Иван Алексеевич посмотрел на подруг, словно на ненормальных.
– Тот очкастый тип на белой «Ауди», за которым я следил и которого из-за вас упустил, – ответил он.
Напоминание о собственном промахе подругам не понравилось. И они поспешили продолжить задавать вопросы.

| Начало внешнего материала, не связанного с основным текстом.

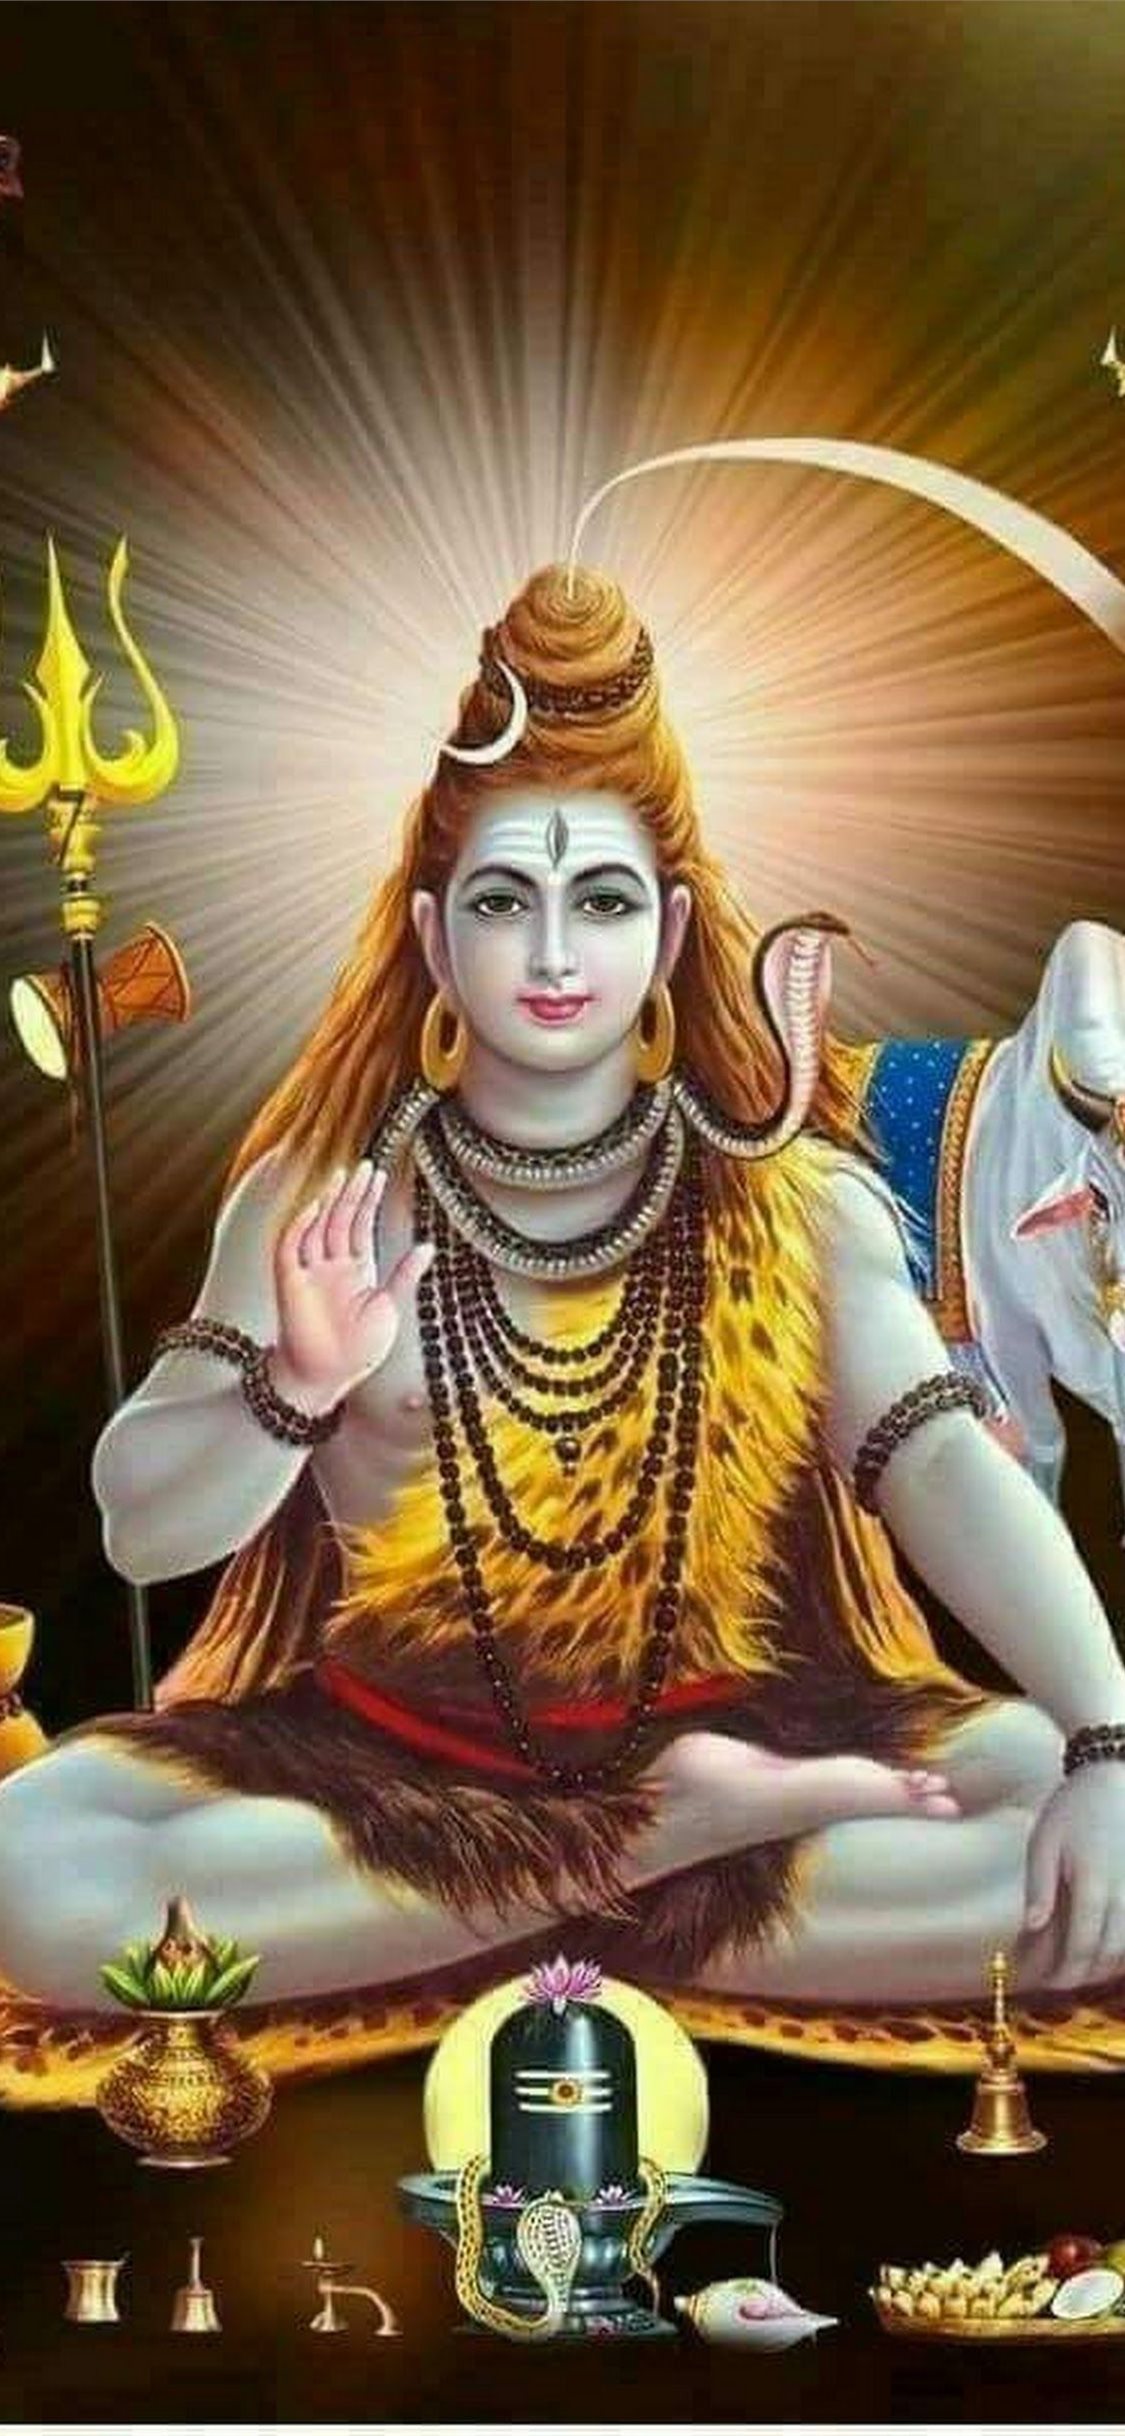 47+] Hindu God HD Wallpapers 1080p - WallpaperSafari

– А что вы сказали преступникам, куда дели шахматы?
– Сказал, что потерял их.
– Почему соврали?
Иван Алексеевич замялся.
– Не хотел подставлять Зинаиду Митрофановну. Видите ли, она человек физически слабый. Ей пришлось в жизни многое пережить. Здоровье у нее не ахти какое. У тех четверых старичков, хотя они и старше Зинаиды Митрофановны, физическое состояние куда лучше. Но и им нелегко: в их-то возрасте и такой стресс. Но то, что для них крайне неприятный эпизод без особых последствий, для Зинаиды Митрофановны могло обернуться куда трагичней.
– Так вы ее не выдали?
– Нет!
Подруги уважительно посмотрели на Ивана Алексеевича. Надо же, до чего внешность у людей бывает обманчива. Этот бедолага с внешностью кузнечика-переростка, оказывается, обладал благородной и чуткой душой. И немалой выдержкой.
– Вы прекрасный человек, – с чувством произнесла Леся.
– Мы вами гордимся, – добавила Кира.
Иван Алексеевич под их прочувствованными взглядами окончательно зарделся. И его щеки теперь почти сравнялись цветом с ушами.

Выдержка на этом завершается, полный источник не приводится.